_Supplied records_:
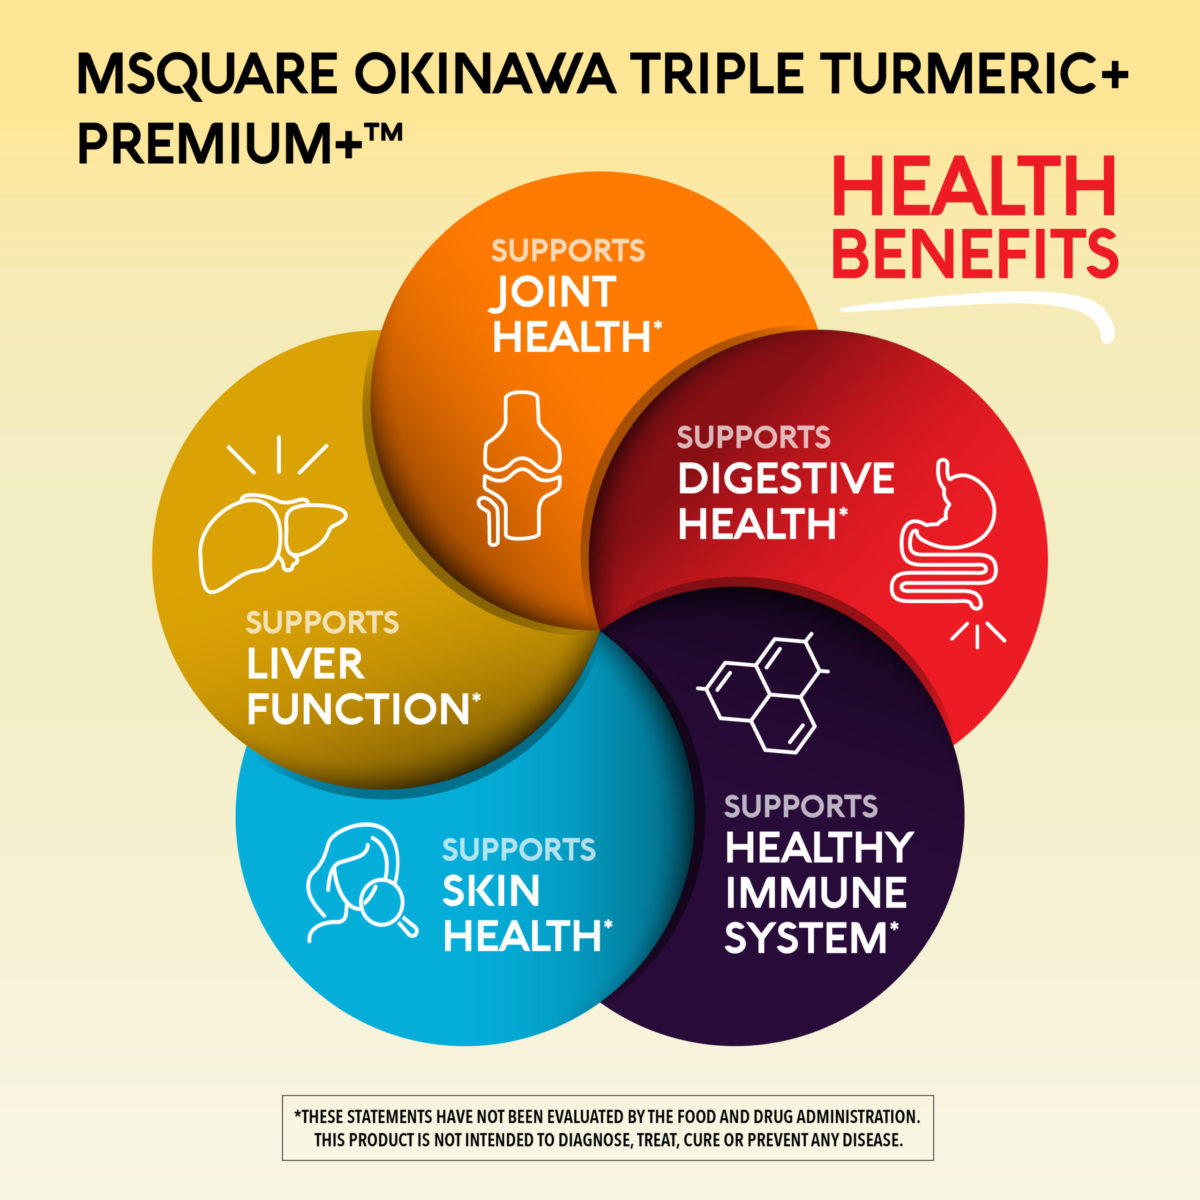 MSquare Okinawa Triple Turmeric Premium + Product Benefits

...

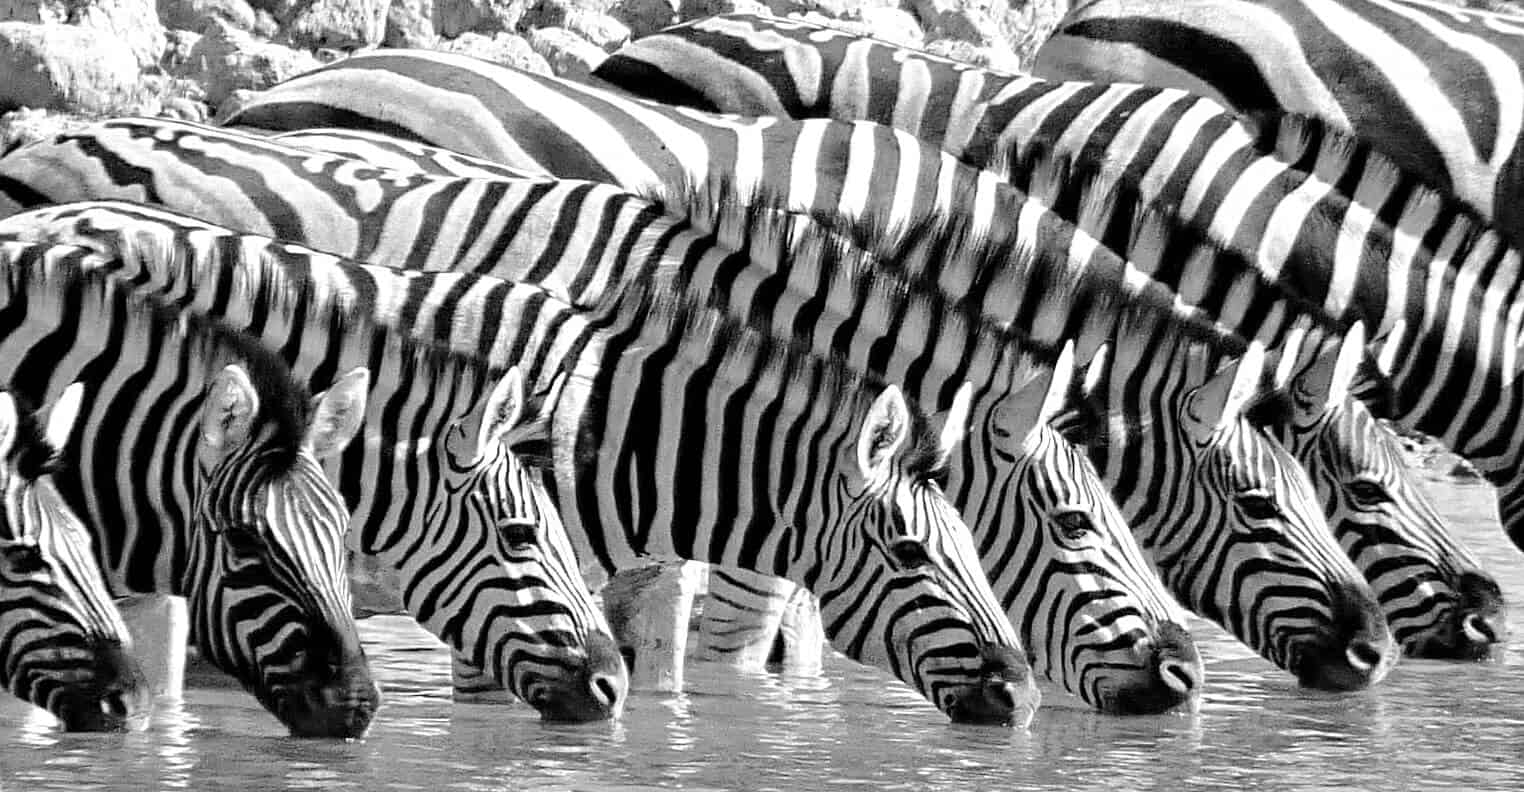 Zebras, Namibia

==

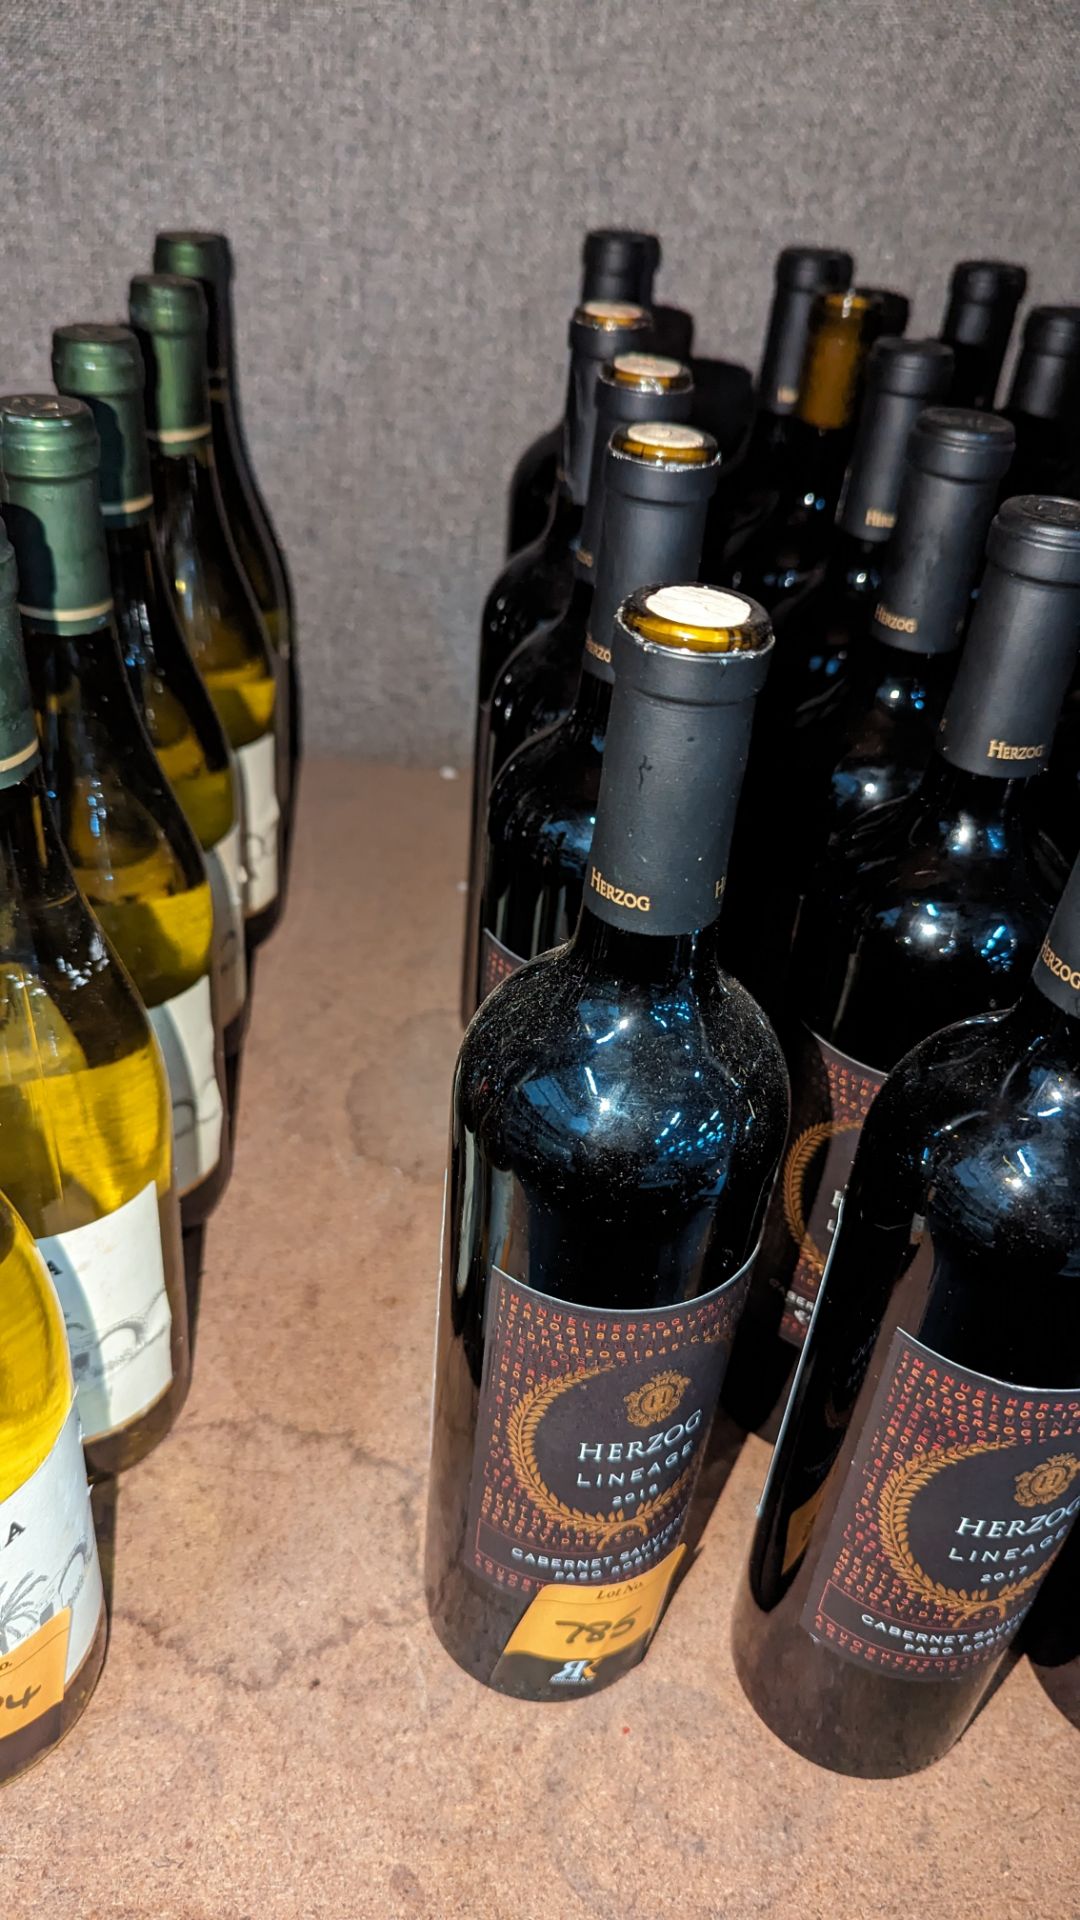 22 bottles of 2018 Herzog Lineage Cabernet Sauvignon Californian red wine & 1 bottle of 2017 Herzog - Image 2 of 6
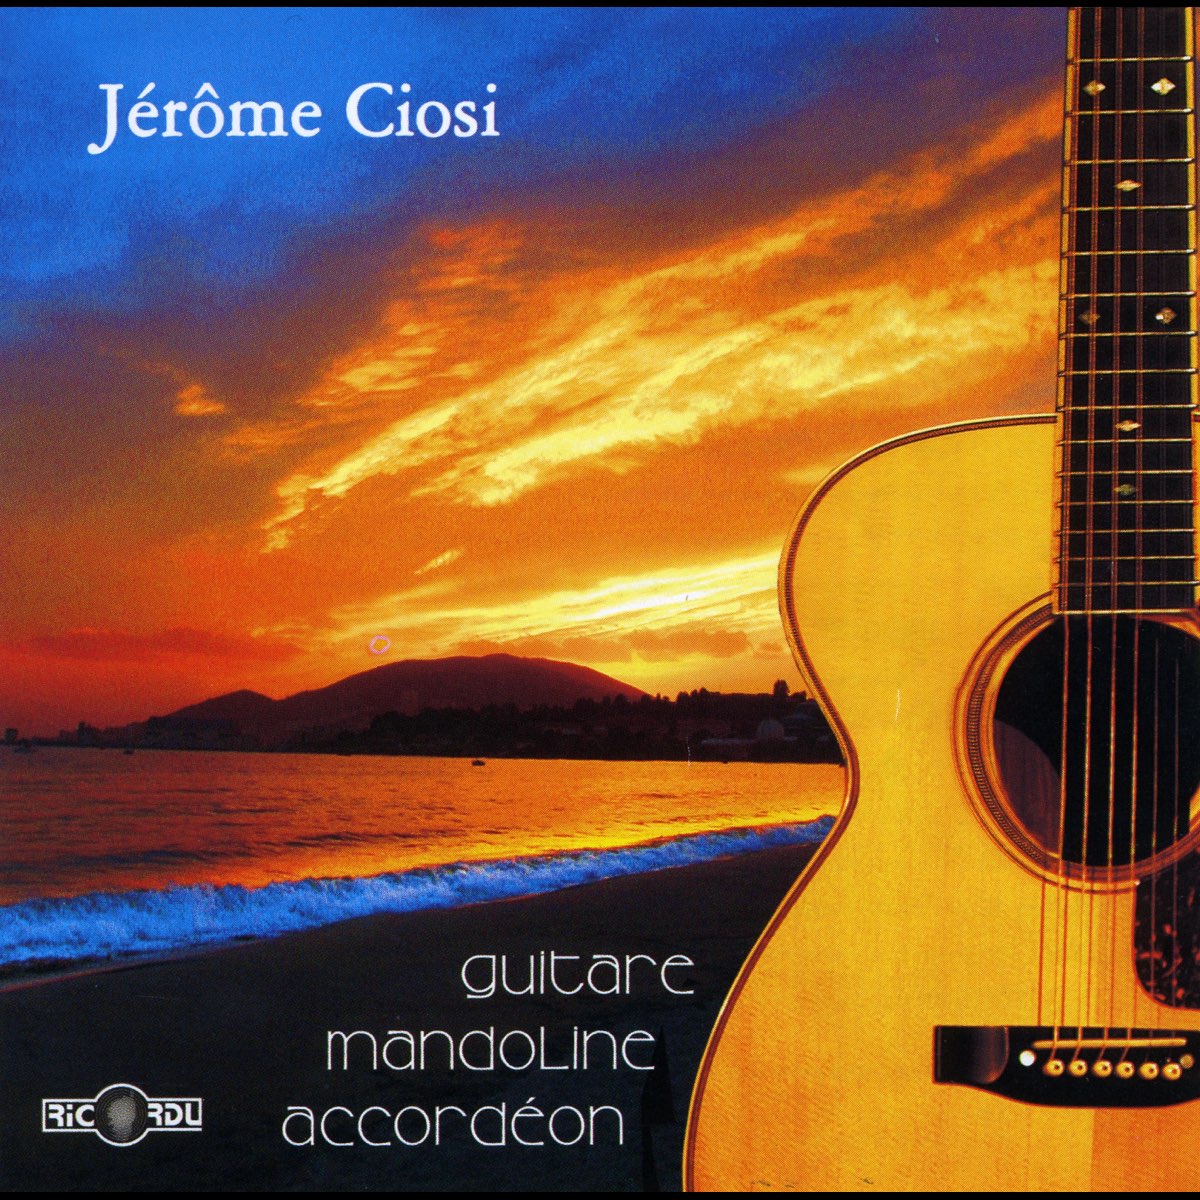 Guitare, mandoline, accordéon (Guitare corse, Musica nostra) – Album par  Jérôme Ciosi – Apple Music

_Required action_:
Of the lines above, quote exactly those from the one with "22 bottles of" through the one with "Guitare, mandoline, accordéon", ends included; pictures stay out.

_Problem solution_:
 22 bottles of 2018 Herzog Lineage Cabernet Sauvignon Californian red wine & 1 bottle of 2017 Herzog - Image 2 of 6
 Guitare, mandoline, accordéon (Guitare corse, Musica nostra) – Album par  Jérôme Ciosi – Apple Music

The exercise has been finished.